Five months later, on 9 April 2022, Mulford killed Harlee-Rose with such force to her abdomen that it ruptured her internal organs.

‘It’s not the full picture’

At her Court of Appeal hearing, Dutch also argued that Justice Campbell’s finding that the victim’s injuries were consistent with Harlee-Rose having been stomped on, kicked, or punched in the abdomen was “not the full picture”.

He said there was evidence from a forensic pathologist that the injuries could also have been caused by an adult kneeling on the child’s abdomen, or standing on it for a sustained period.

Dutch said Justice Campbell shouldn’t have used the facts of the strangulation as an aggravating feature when setting his seven-year starting point.

He also argued her discount for youth should have been 30 percent, rather than the 15 percent she received and said the 5 percent for her background factors was also inadequate. He instead pushed for 10 to 15 percent for the latter.

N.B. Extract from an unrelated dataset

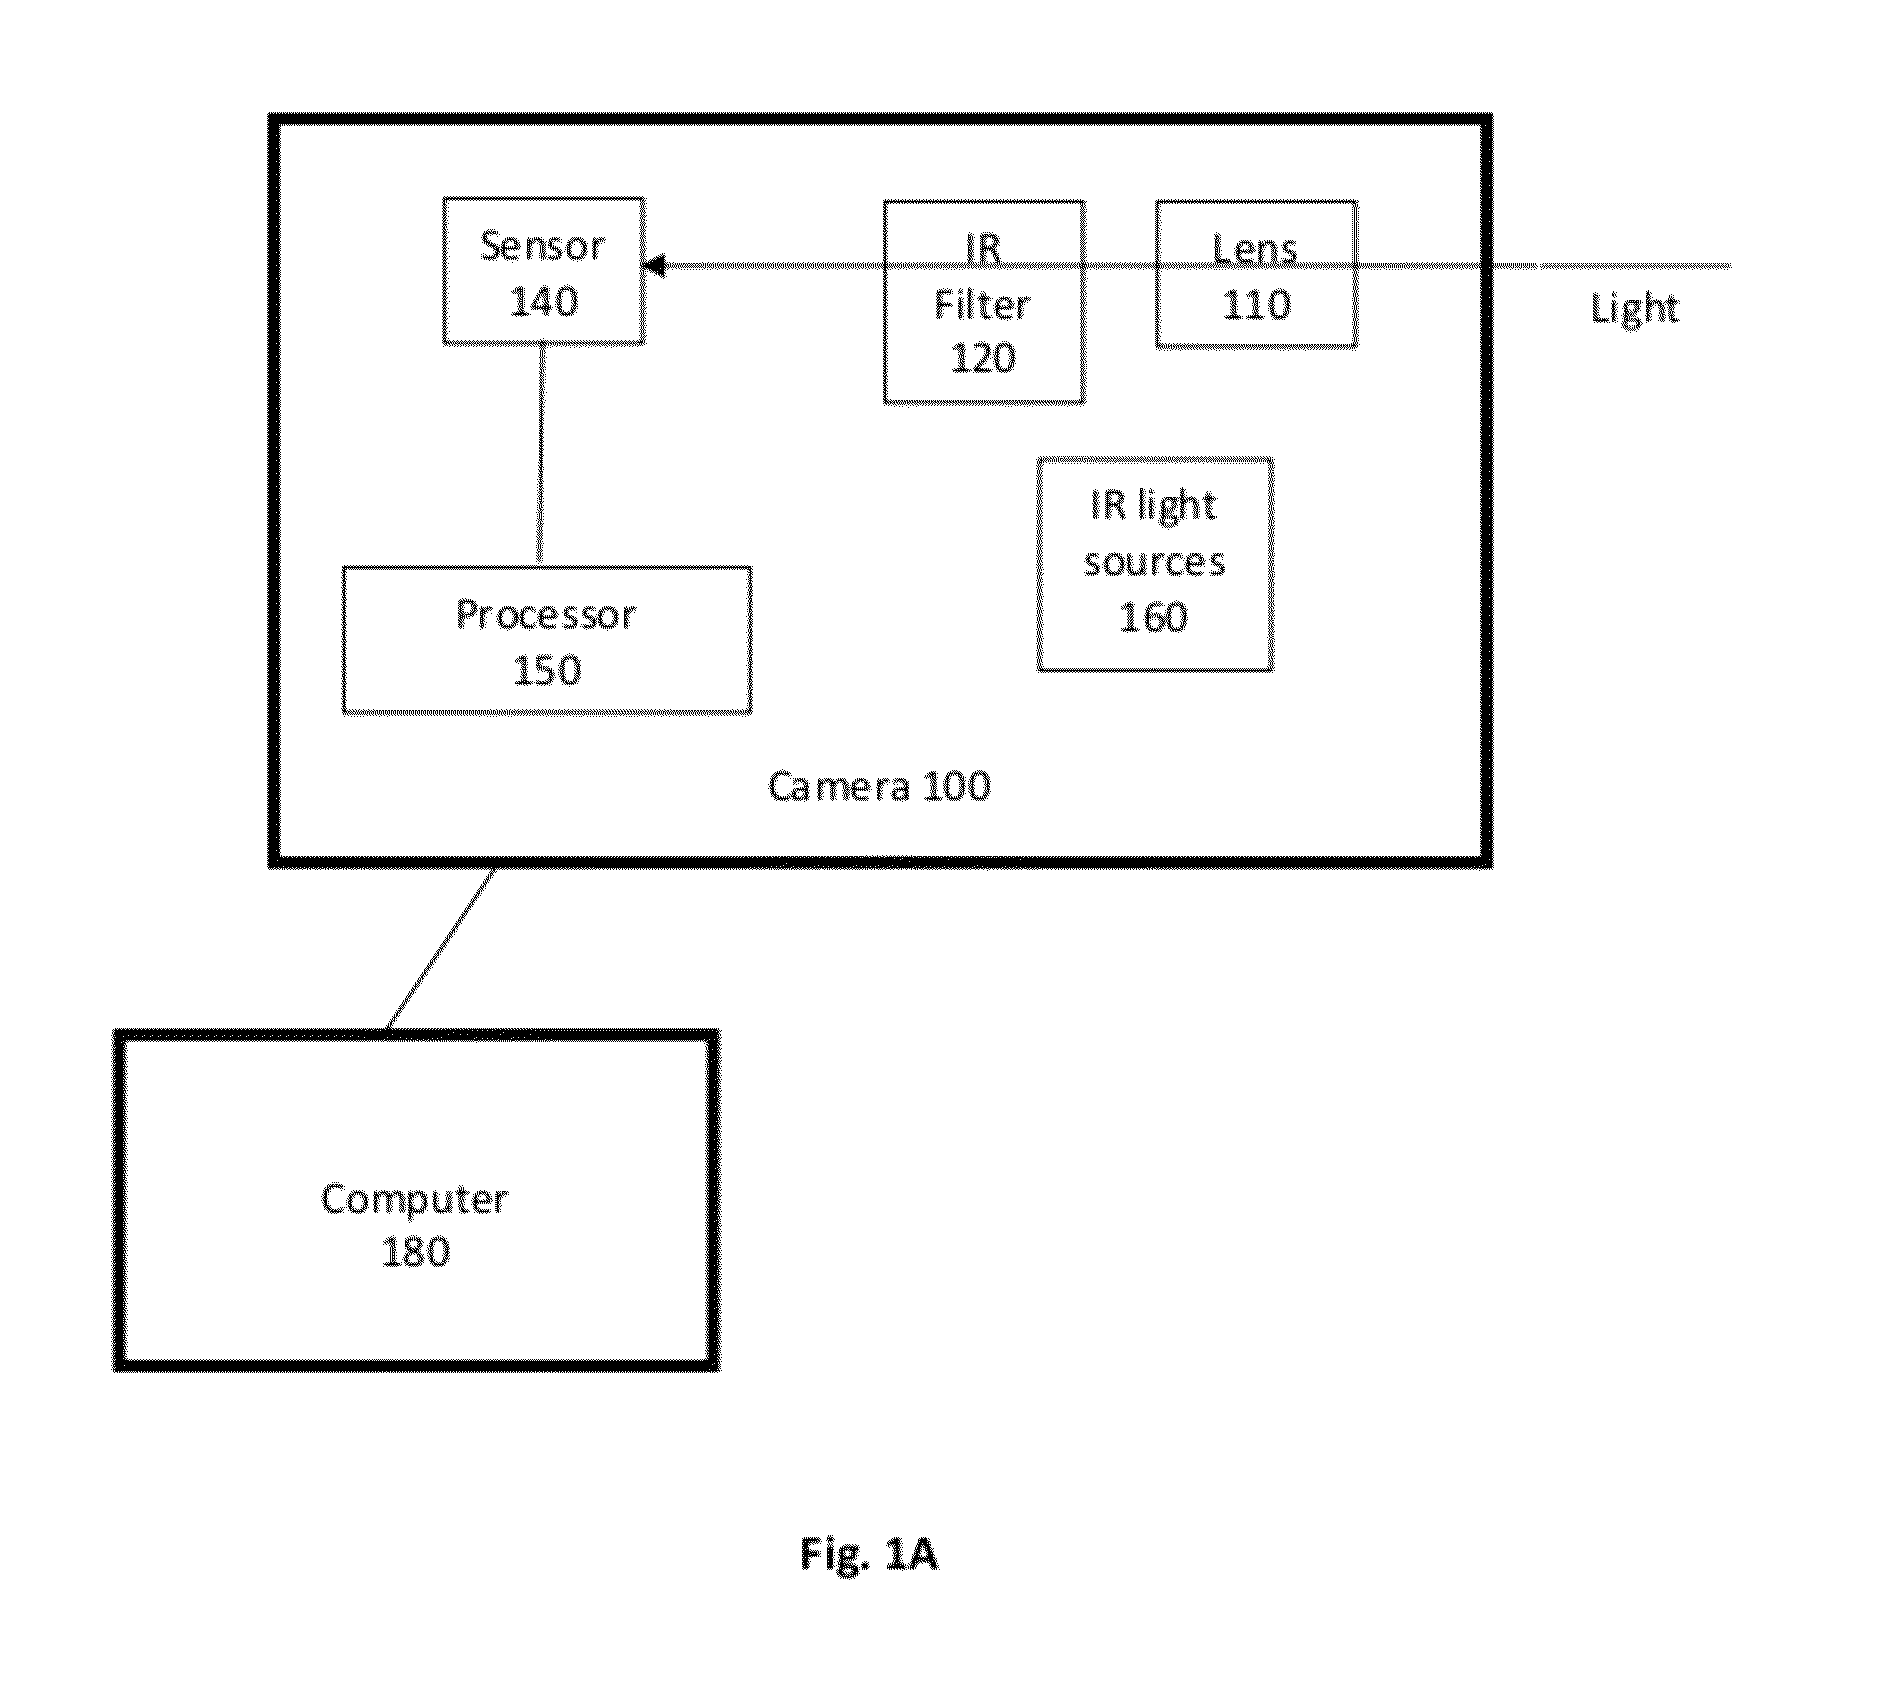 Optimized movable IR filter in cameras

Concerning Mulford having a drug addiction, the Court of Appeal said in the absence of a causal or “even contributory” nexus between that and her offending, “the Judge was fully entitled to decline giving any discount”.

The senior court also found that Justice Campbell was cognisant of the limitations of Mulford’s mental health report, and ruled that her sentence was not manifestly excessive and dismissed the appeal.